Why are all the lights on in my house? Every single one. Someone should turn them off but I'm the only one here and I'm sure as hell not doin it.
my neighbors are having lesbo sex right now.
I'm on my way.
I already wrote the apology to my liver. He knows whats up
Dude, its flawless. what could go wrong?
Jail. That could go wrong.
He asked for a foot job. Whatever. I guess I'm swimming in new slut waters tonight.
do you want me to tag you in the pics from the party?
Hmm. Use your judgment. Bootlicking pics are probably not ok. Otherwise fine.
We ended up at a lesbian bar and all my co-workers tried to get me laid. This is not how I envisioned coming out.
I woke up at 4 am to a guy curled up in the fetal position sobbing in our front yard. Oh college.
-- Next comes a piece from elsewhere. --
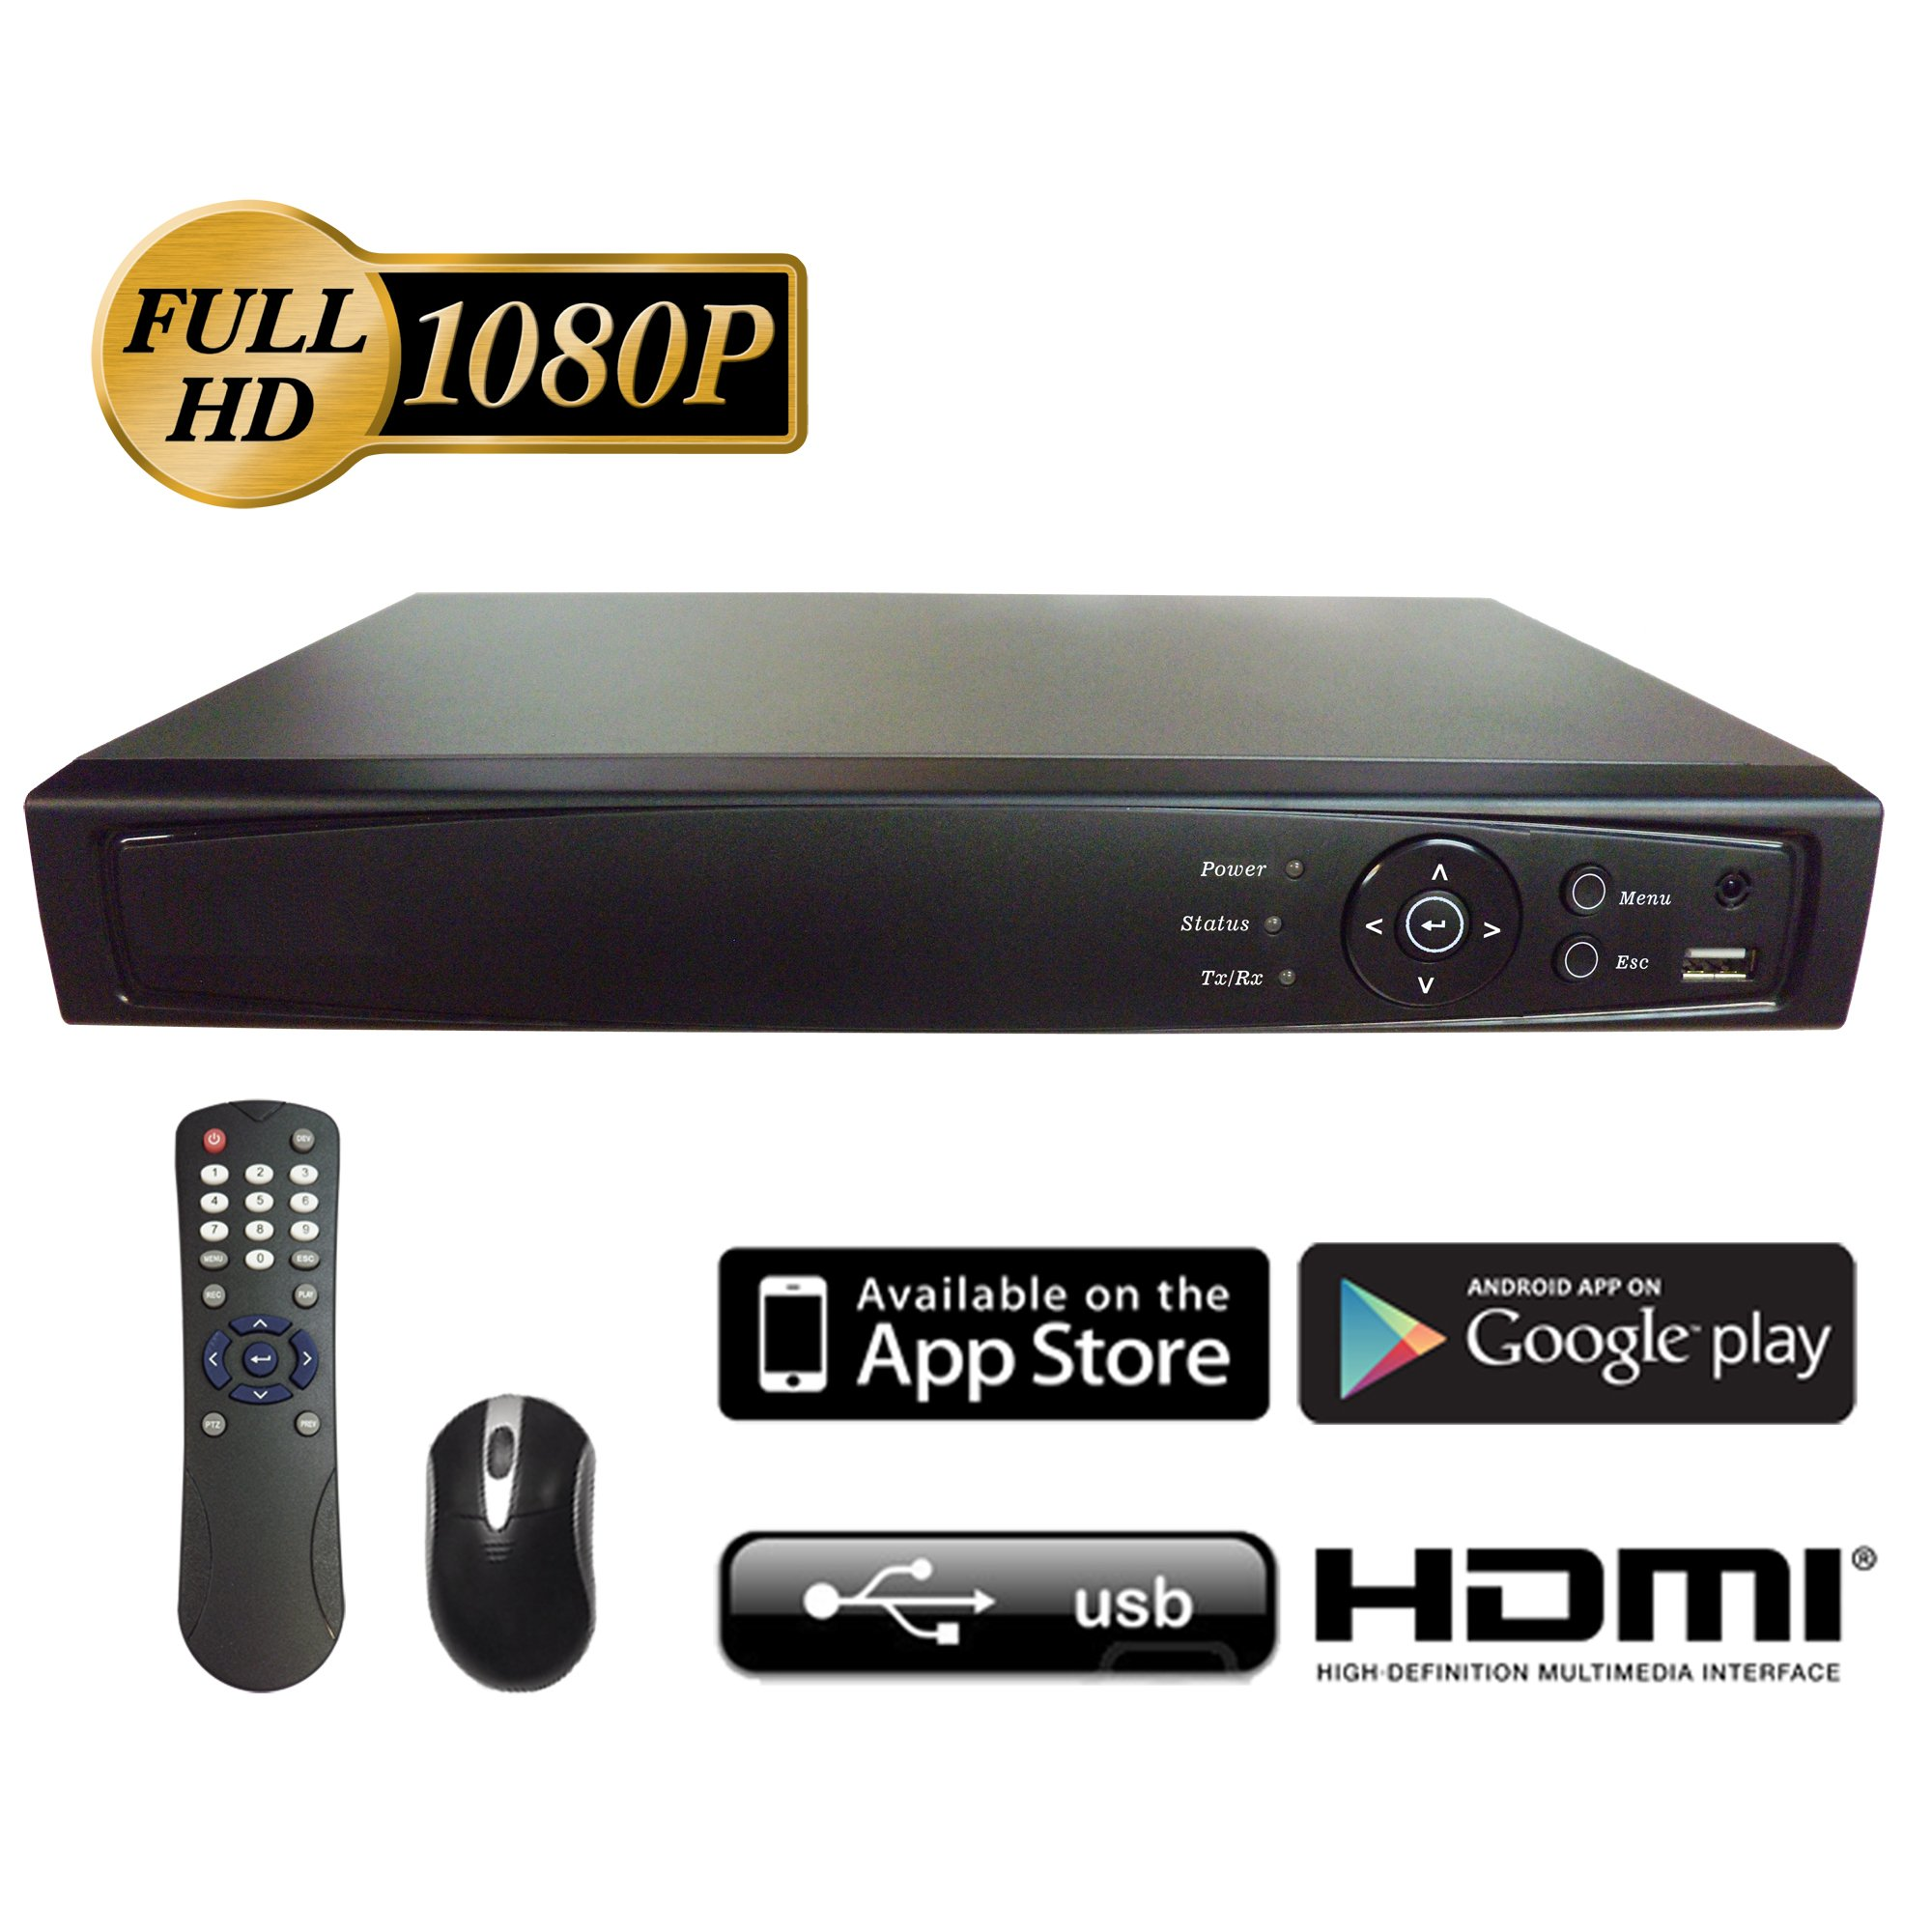 Surveillance Digital Video Recorder 16CH HD-TVI/CVI/AHD H264 Full-HD DVR 2TB HDD HDMI/VGA/BNC Video Output Cell Phone APPs for Home/ Office Work @1080P/720P TVI&CVI, 1080P AHD, Standard Analog& IP Cam by 101 AV Inc

! asked the random counter guy from 7/11 for Percocet. he immediately called his hookup
WHAT IF I SAT OUTSIDE AND STARTED SCREAMING THE LYRICS TO O CANADA WOULD THAT FIX IT
PLEASE DON'T
You kicked me our in the middle of a blizzard with a dead phone. I had to give my watch to a pizza delivery person to take me home. You owe me a gyro too.
I need dunkaroos back in my life.
My tinder date had to be home by 8:30 cause she's on house arrest.
I don't care if his family has ties to the mafia, you go over there, ride his dick until it breaks off, put his dick back on, and keep on riding. Lather, rinse, repeat.
Thanks for the support, sis.
Your face; I've seen enough of it for today. Go away now please.